Consequently, although show-up identifications might be viewed as inherently suggestive, admitting them into evidence does not automatically violate due process. Instead, the key question is whether the show-up procedure utilized was unduly suggestive and unnecessary. Id. at 724. Show-up procedures rise to this level "only when police aggravate the suggestiveness of the confrontation." United States v. Winfrey, 403 F.Appx. 432, 435 (11th Cir. 2010).

Further, even if law enforcement officers use an overly suggestive procedure, suppression as a potential remedy requires "courts to assess, on a case-by-case basis, whether improper police conduct created a substantial likelihood of misidentification, " which in turn brings the focus to the reliability of the identification. Perry, 132 S.Ct. at 724-25.
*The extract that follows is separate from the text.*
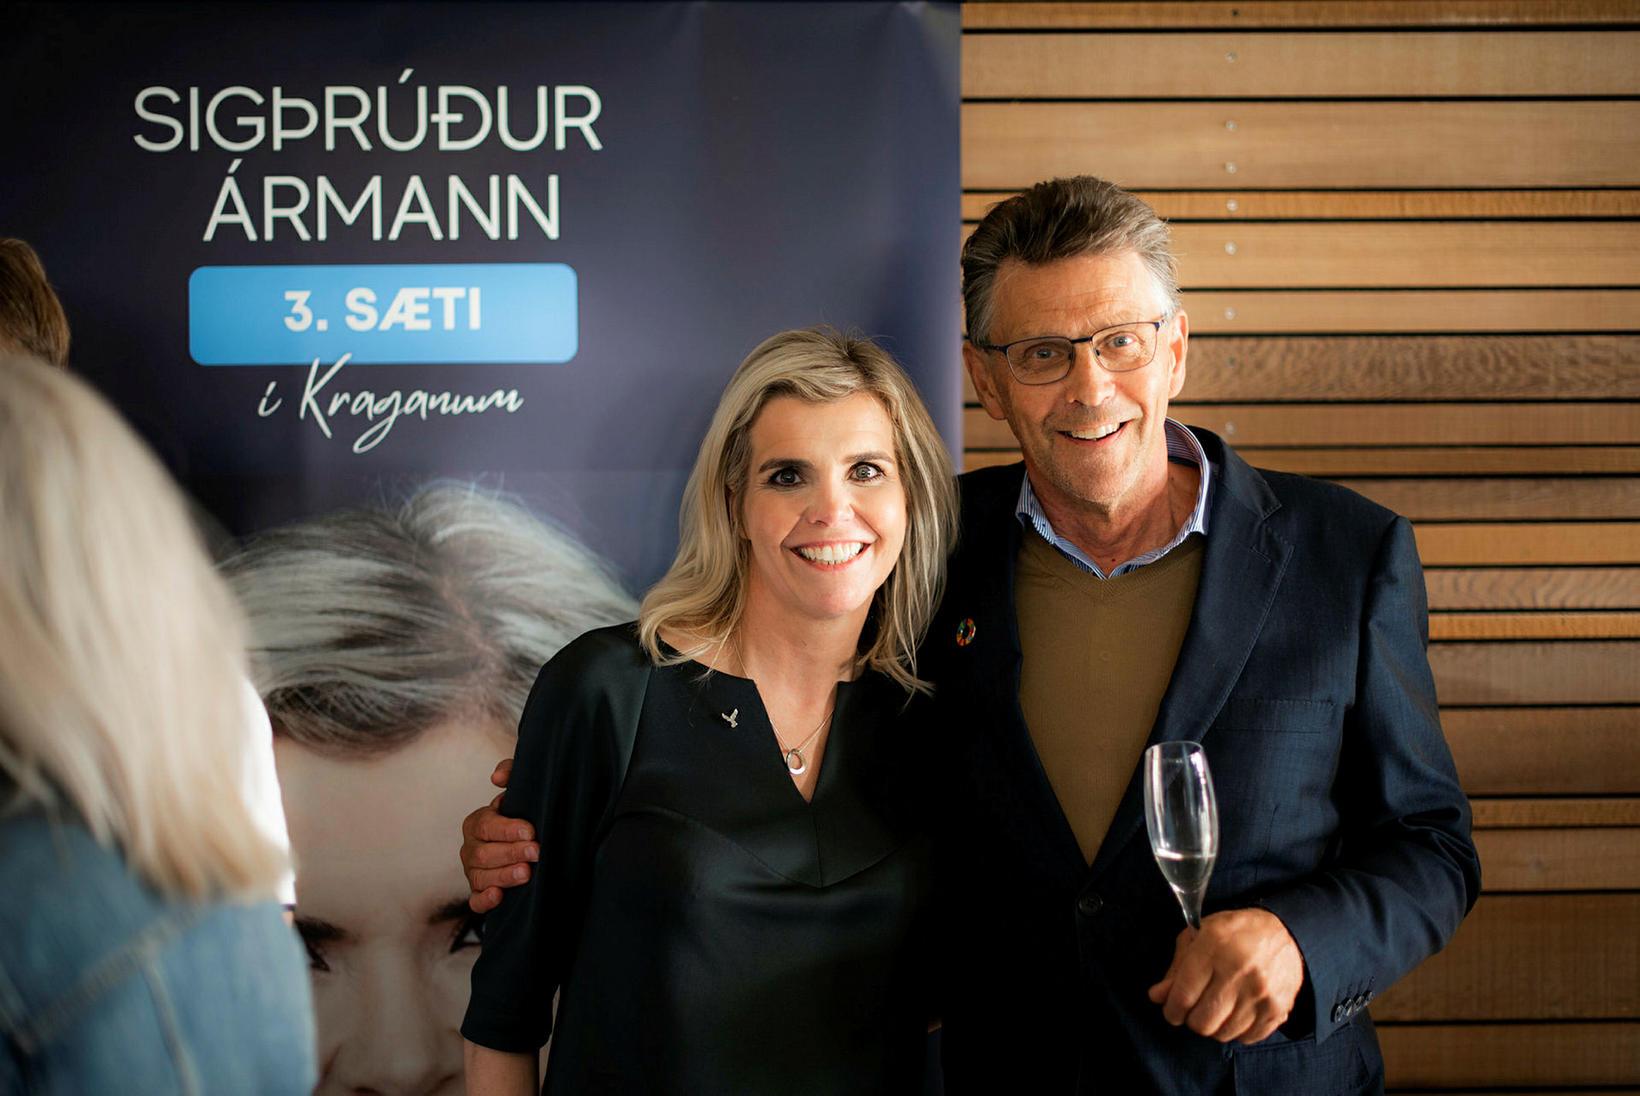 Sigþrúður Ármann og Gunnar Einarsson bæjarstjóri í Garðabæ.

[Only w]here the "indicators of [a witness'] ability to make an accurate identification" are "outweighed by the corrupting effect" of law enforcement suggestion, [should an] identification be suppressed. Otherwise, the evidence (if admissible in all other respects) should be submitted to the jury.

Id. at 725. In deciding whether, under the totality of the circumstances, "the identification was nonetheless reliable, " a court must consider several factors, including: "the opportunity of the witness to view the criminal at the time of the crime, the witness' degree of attention, the accuracy of his prior description of the criminal, the level of certainty demonstrated at the confrontation, and the time between the crime and the confrontation." Manson, 432 U.S. at 114, 97 S.Ct. at 2253.

Viewing the evidence of the show-up procedure (and resulting identification) at issue in this case, the Court does not find that suppression for any due process violation is warranted. The identification occurred within a reasonable time - approximately 45 minutes after the robbery and very shortly after Brown was apprehended. Compare United States v. Sanchez, 422 F.2d 1198, 1200 (2d Cir. 1970) ("prompt on-the-scene confrontation... was consistent with good police work... [in order] to insure the immediate release of an innocent suspect and at the same time [to] enable the police to resume the search for the fleeing culprit while the trail is fresh"); Berry v. Cunningham, 2012 WL 4174875, op. at *5 (E.D.N.Y. Sept. 19, 2012) ("[t]he identification took place about an hour after the commission of the crime and only five minutes after the arrest[;][t]he arresting officers were justified in seeking confirmation of whether they had arrested a likely suspect, in order to avoid arresting an innocent person"). Moreover, the court is satisfied - for purposes of a due process evaluation - the victim had an adequate opportunity to view her assailant during the robbery, afforded officers a meaningful description, and positively identified Brown (and did not positively identify another individual). Based on the foregoing, the Court will not suppress the identification and will leave it to counsel to challenge the adequacy and accuracy of the identification at trial through cross-examination and jury argument.

In accordance with the foregoing discussion, it is RECOMMENDED that the Court, after making an independent review of the record and applicable law, enter an order DENYING the MOTION TO SUPPRESS IDENTIFICATION WITH SUGGESTIONS (Doc. #20) filed on March 28, 2014, by defendant Richard Brown.

Counsel are reminded that each has 14 days from the date of receipt of a copy of this report and recommendation to file and serve specific objections to the same. A failure to file and serve timely objections shall bar attack on appeal of the factual findings in this report which are accepted or adopted by the district judge except upon the ground of plain error or manifest injustice.